По поводу методов перлюстрации существует немало красивых мифов. Есть рассказ о том, что однажды к Джону Терло, главе секретной службы при Оливере Кромвеле в 1653–1659 годах и руководителю перлюстрации, явился незнакомец. Пришедший сказал: «Сэр, вы теряете очень много времени в “черном кабинете”. Вскрыв письма, вы снимаете копии с них, и это обходится вам дорого в смысле расходов на служащих и затраты времени. Между тем, если вы оставите меня одного с письмом, через минуту я вручу вам его точную копию. Через несколько часов письменные знаки копии пропадут, но вы за это время сможете прочесть ее». Терло принял предложение незнакомца. В результате он избавил Кромвеля от необходимости вскрыть отравленное письмо из Франции.
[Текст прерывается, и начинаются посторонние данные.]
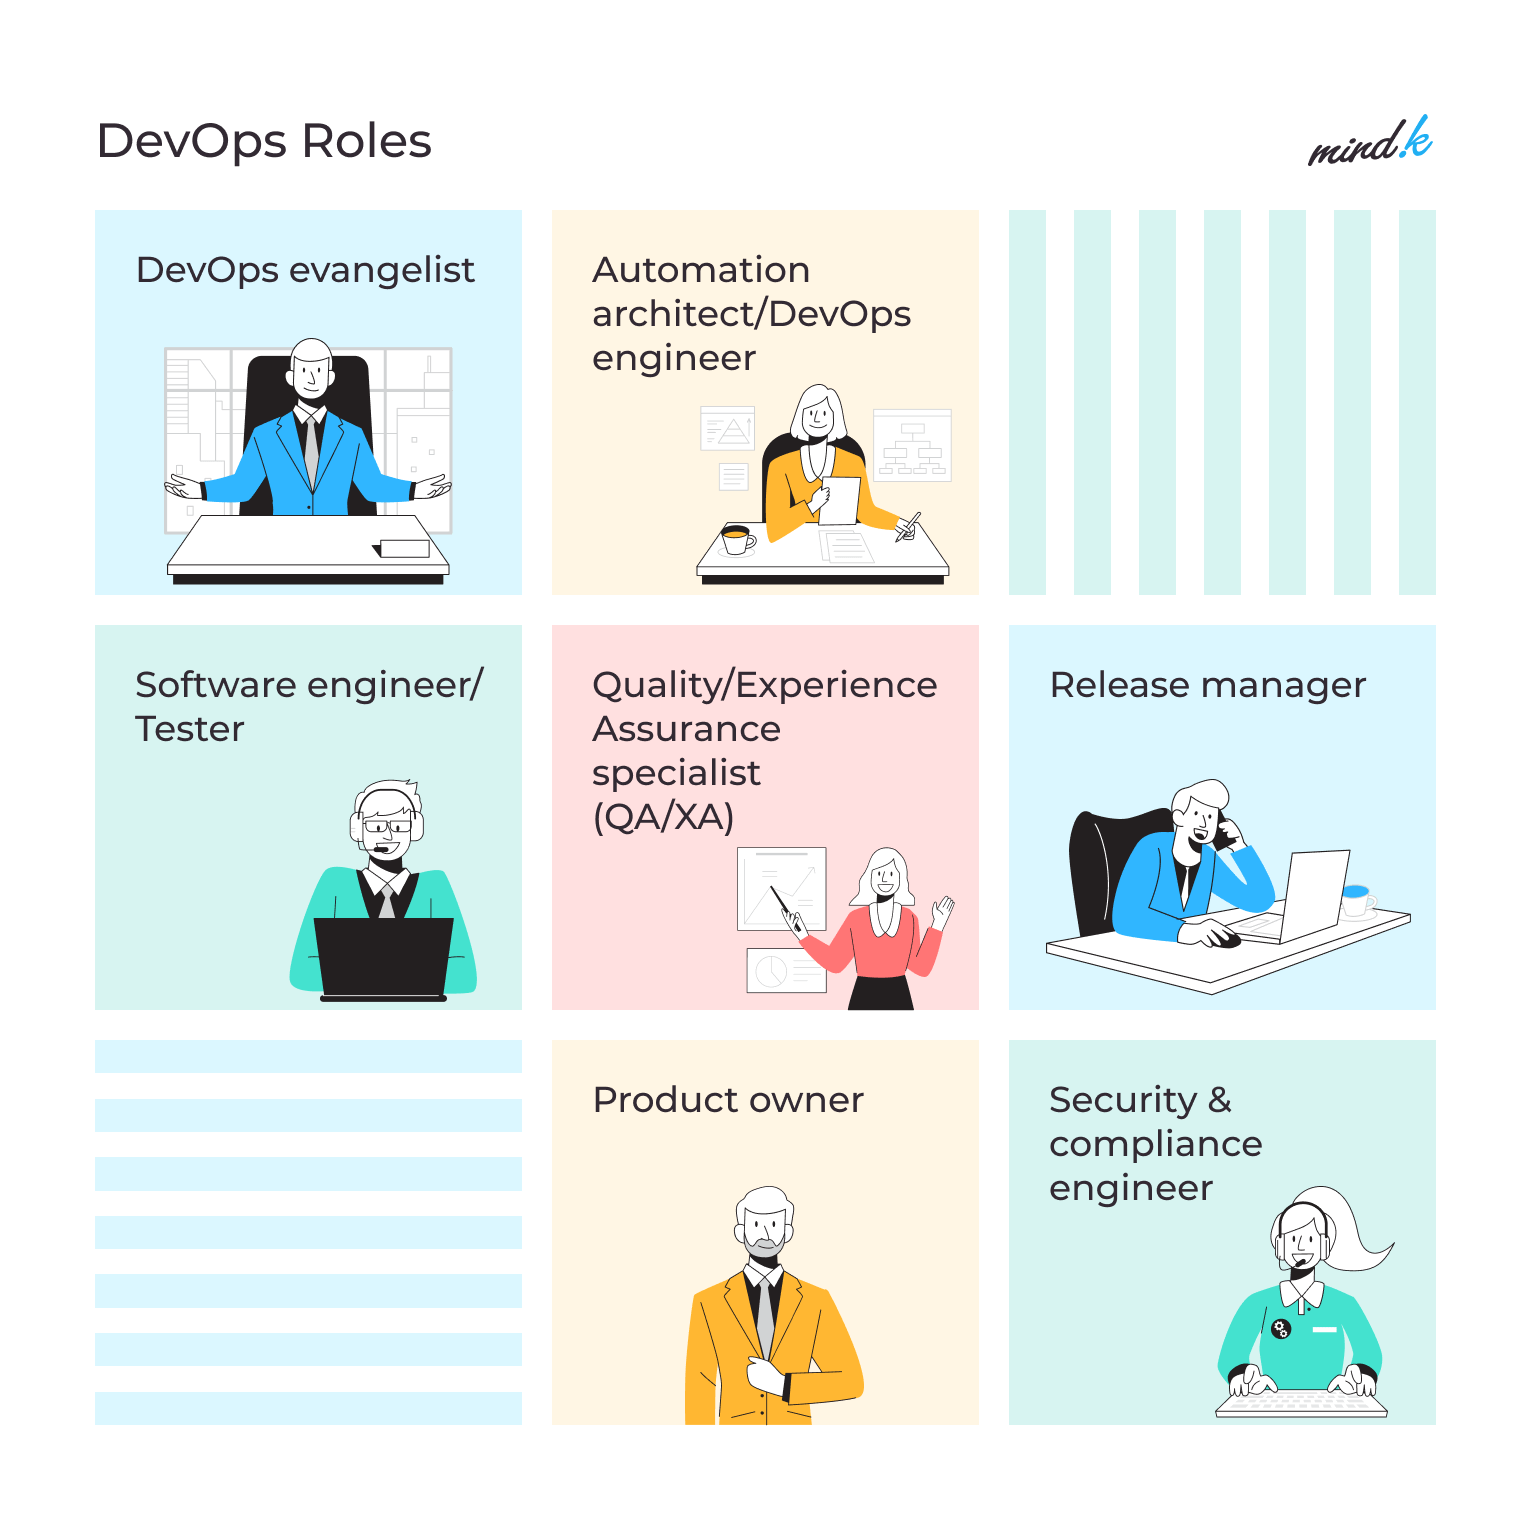 Typical DevOps roles

При Карле II (1660–1688) Д. Терло удалился на покой, и тайна такой перлюстрации осталась неразгаданной. Писатель Ж. Бертье, опубликовавший эту историю, приводит мнение неназванных английских специалистов, что «это была своего рода фотография без гипосульфитного фиксажа», почему «снимки не сохранялись». Сам Бертье выдвигал предположение, что незнакомец открыл вещество, которое «не было светочувствительным, оно, вероятно, изменяло окраску при соприкосновении с чернилами, причем на несколько часов. Неизвестный, видимо, пропитывал этим веществом листы бумаги, которыми пользовался»216. Мне же вся эта история представляется очередным мифом, не имеющим под собой реального содержания.
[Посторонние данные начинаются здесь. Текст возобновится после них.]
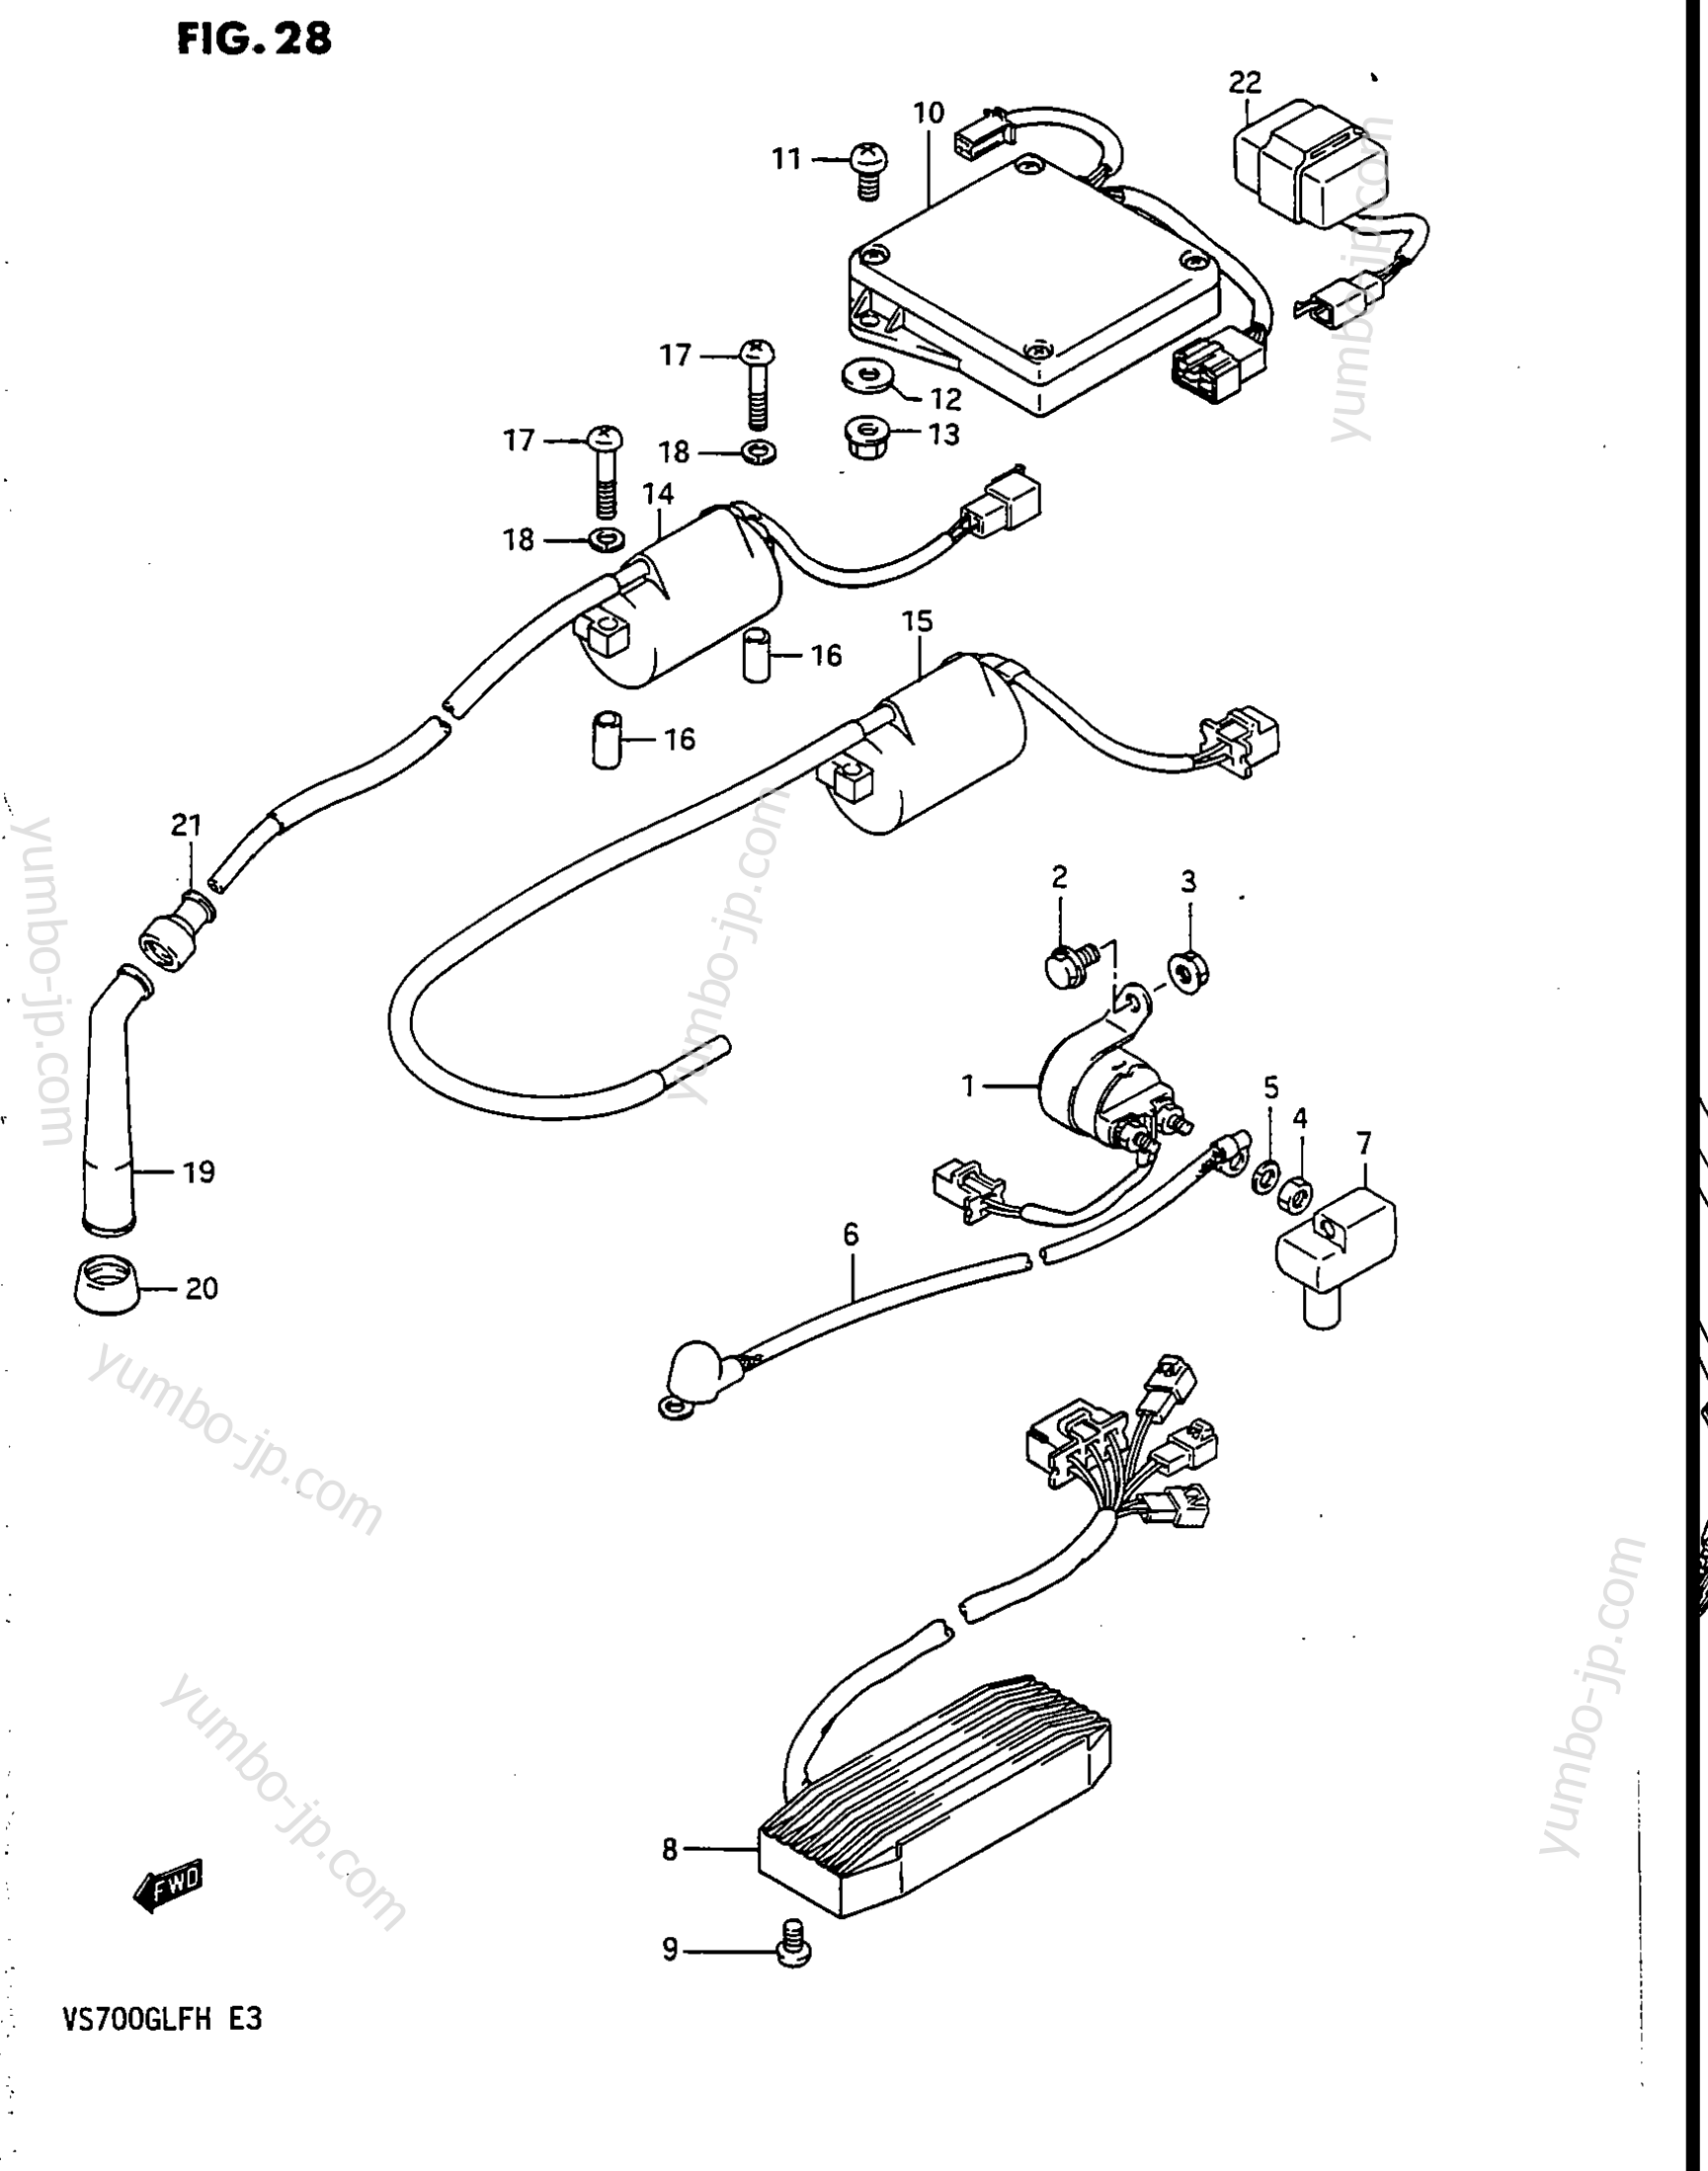 Electrical for motorcycles SUZUKI Intruder (VS700GLF) 1986 year

В России следы перлюстрации обнаруживаются с XVI века. Прежде всего она относилась к дипломатической переписке. Одной из важнейших задач дипломатов во все времена являлся и является сбор информации о стране пребывания, оценка политики властей, при которых они аккредитованы. По сути, это разведывательная деятельность. Таким образом, перлюстрация, в свою очередь, была средством контрразведки. Немецкий путешественник Сигизмунд Герберштейн, прибывший в Москву в 1526 году в качестве посла Священной Римской империи, автор знаменитых записок, так рассказывал о слухах вокруг опалы князя Василия Шемячича: «Говорят, что причина его пленения была следующая: он написал письмо польскому королю, что хочет передаться ему, и послал это письмо киевскому наместнику. Тот распечатал его и, узнав оттуда об его злом умысле против своего государя, немедленно переслал письмо государю московскому»217.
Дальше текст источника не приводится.